• [LISTED ENTRIES]

^^^^^^^^

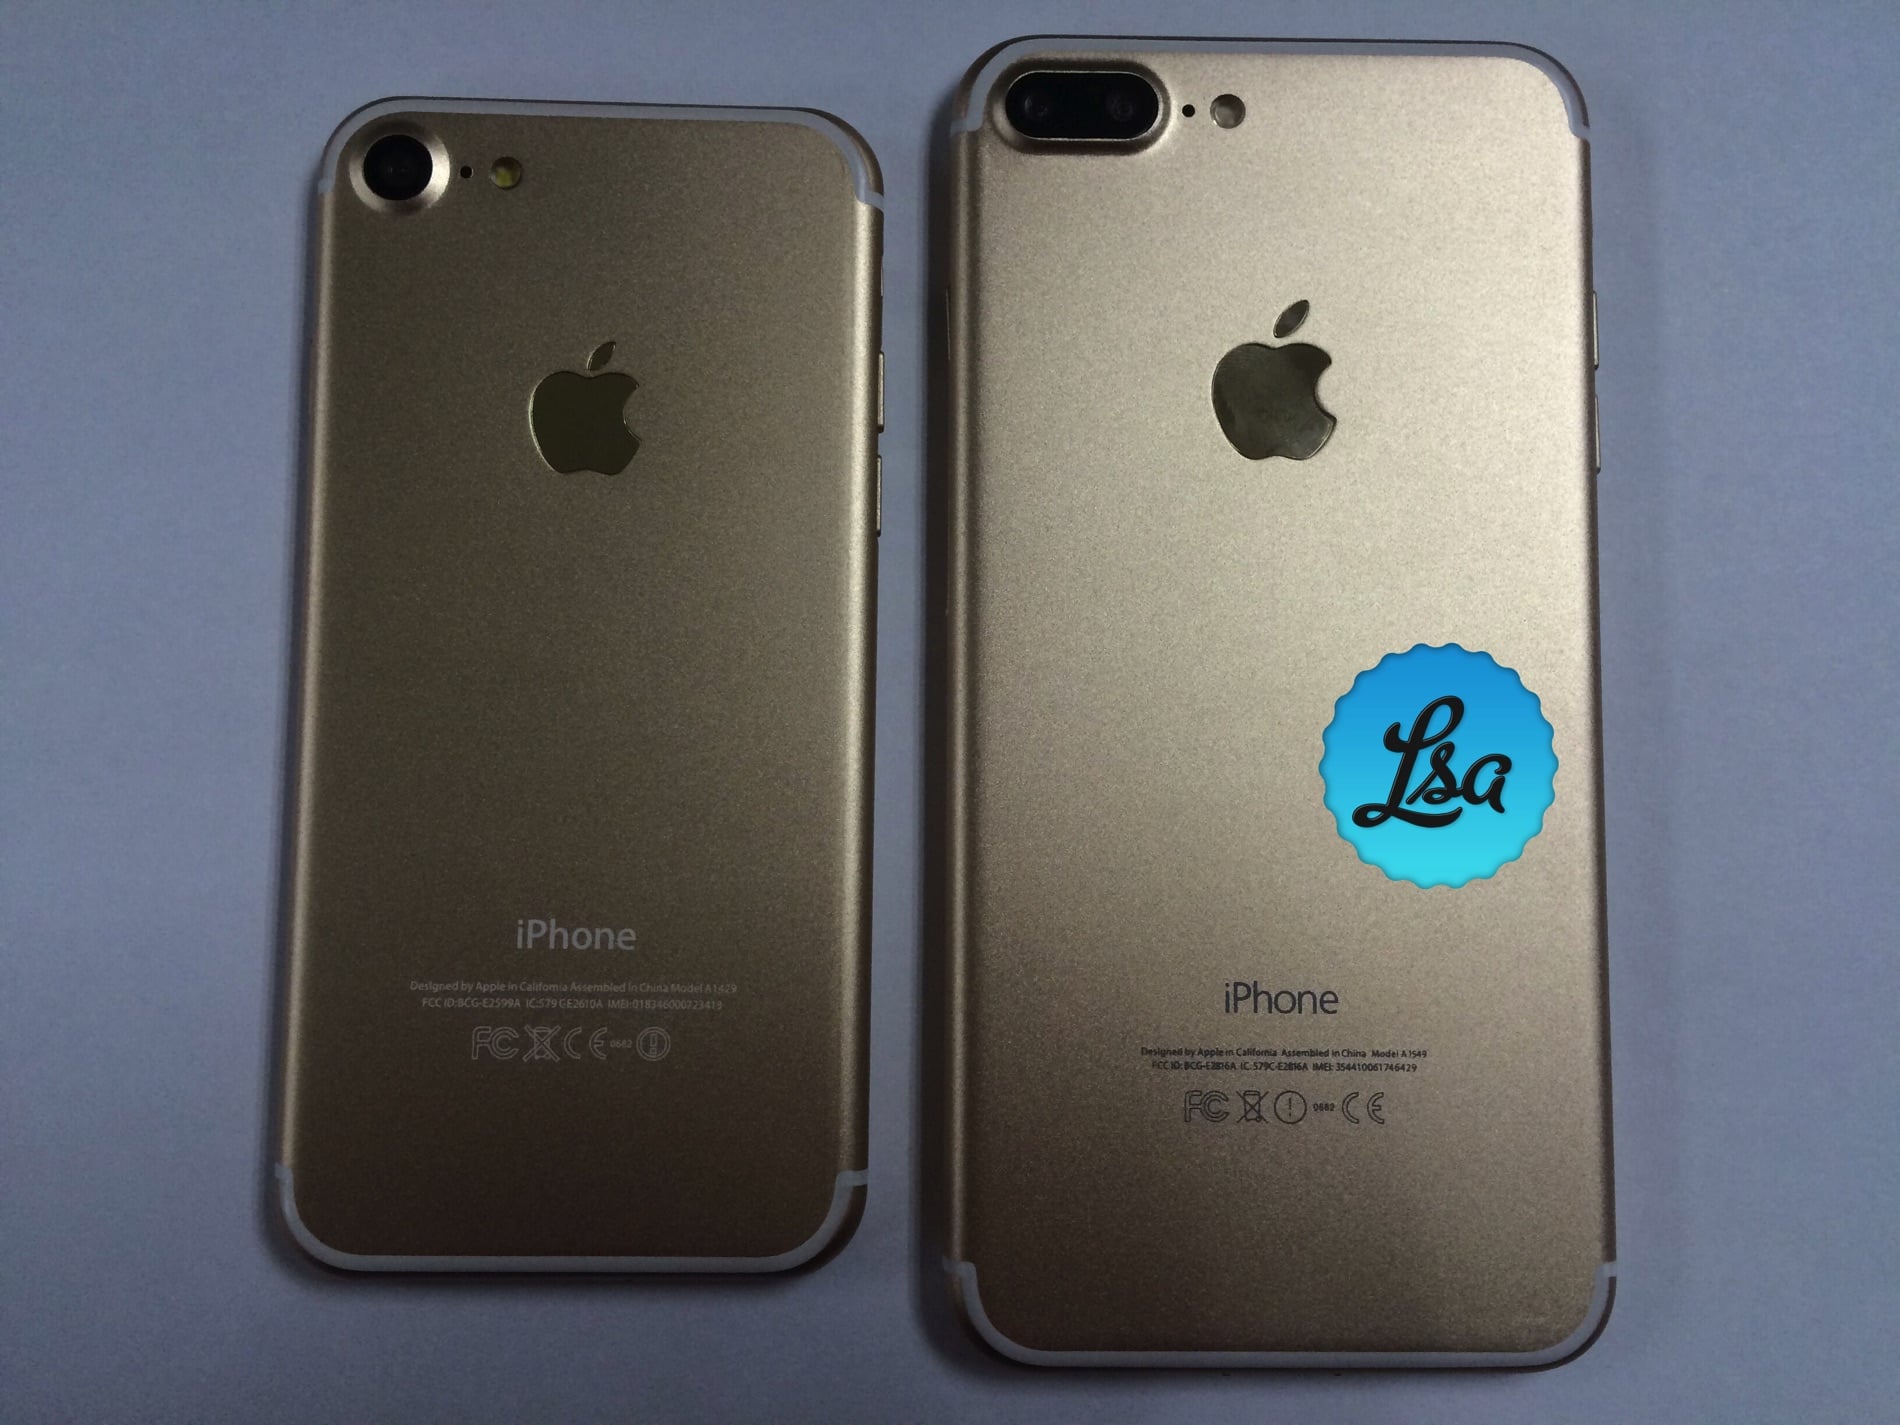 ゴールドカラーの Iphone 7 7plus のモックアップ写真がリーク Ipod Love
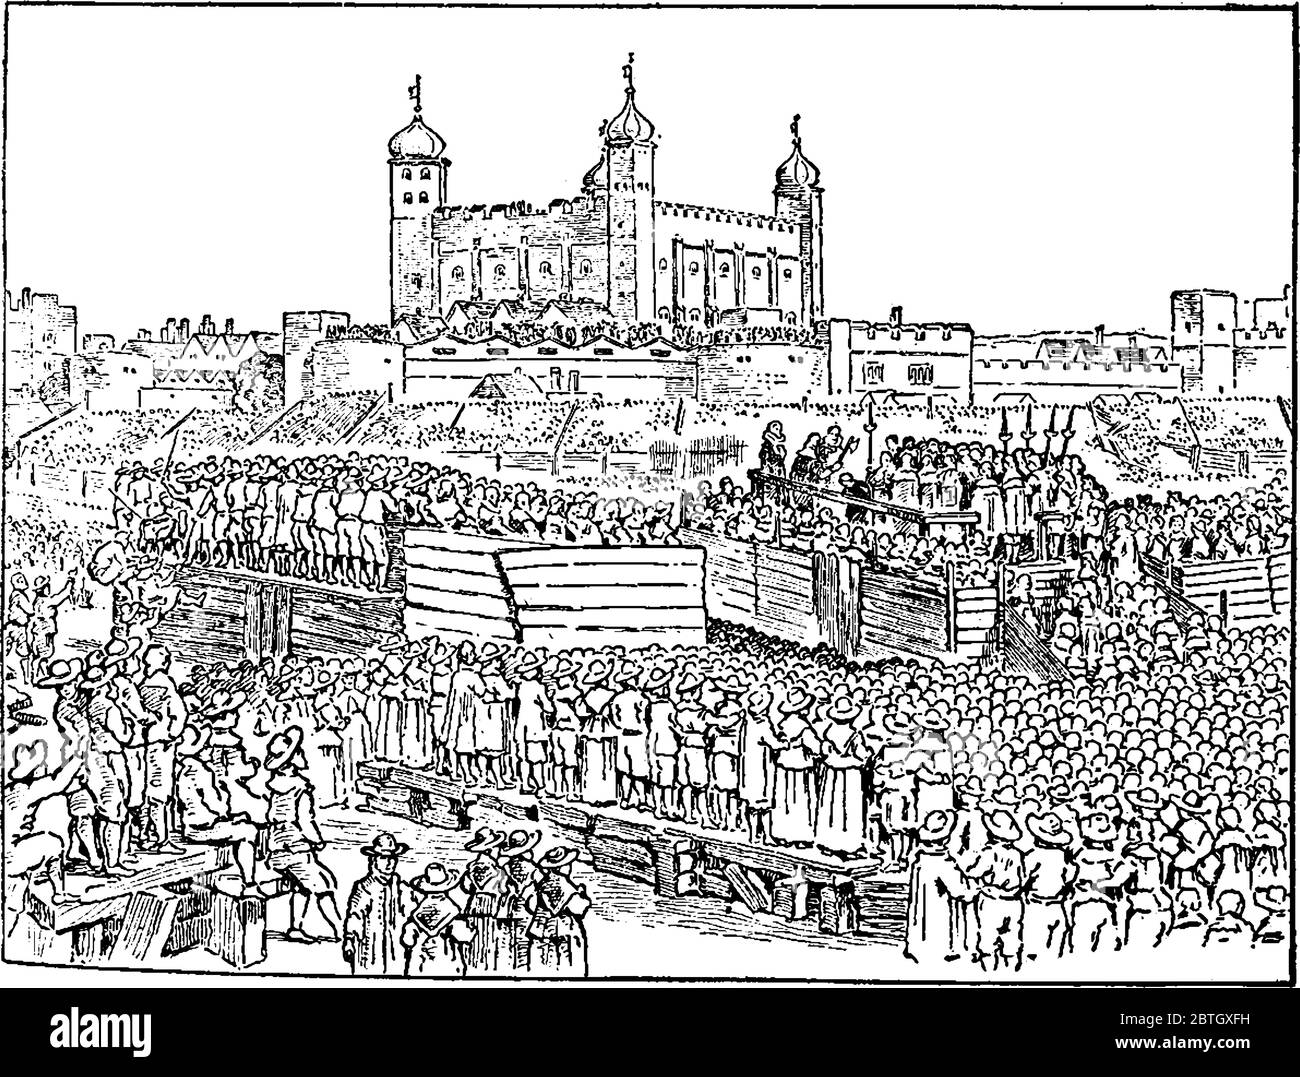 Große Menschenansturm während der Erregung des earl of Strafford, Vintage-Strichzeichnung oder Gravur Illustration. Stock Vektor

^^^^^^^^

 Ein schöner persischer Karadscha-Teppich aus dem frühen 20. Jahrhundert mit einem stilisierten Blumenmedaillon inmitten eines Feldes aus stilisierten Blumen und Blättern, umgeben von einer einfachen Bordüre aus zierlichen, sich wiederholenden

^^^^^^^^

• [EXERCISE GOAL] Out of the records above, set down only the lines from the one that contains "ゴールドカラーの Iphone 7" through the one that contains "Große Menschenansturm während", unchanged and without the pictures.

• [ANSWER BOX]
 ゴールドカラーの Iphone 7 7plus のモックアップ写真がリーク Ipod Love
 Große Menschenansturm während der Erregung des earl of Strafford, Vintage-Strichzeichnung oder Gravur Illustration. Stock Vektor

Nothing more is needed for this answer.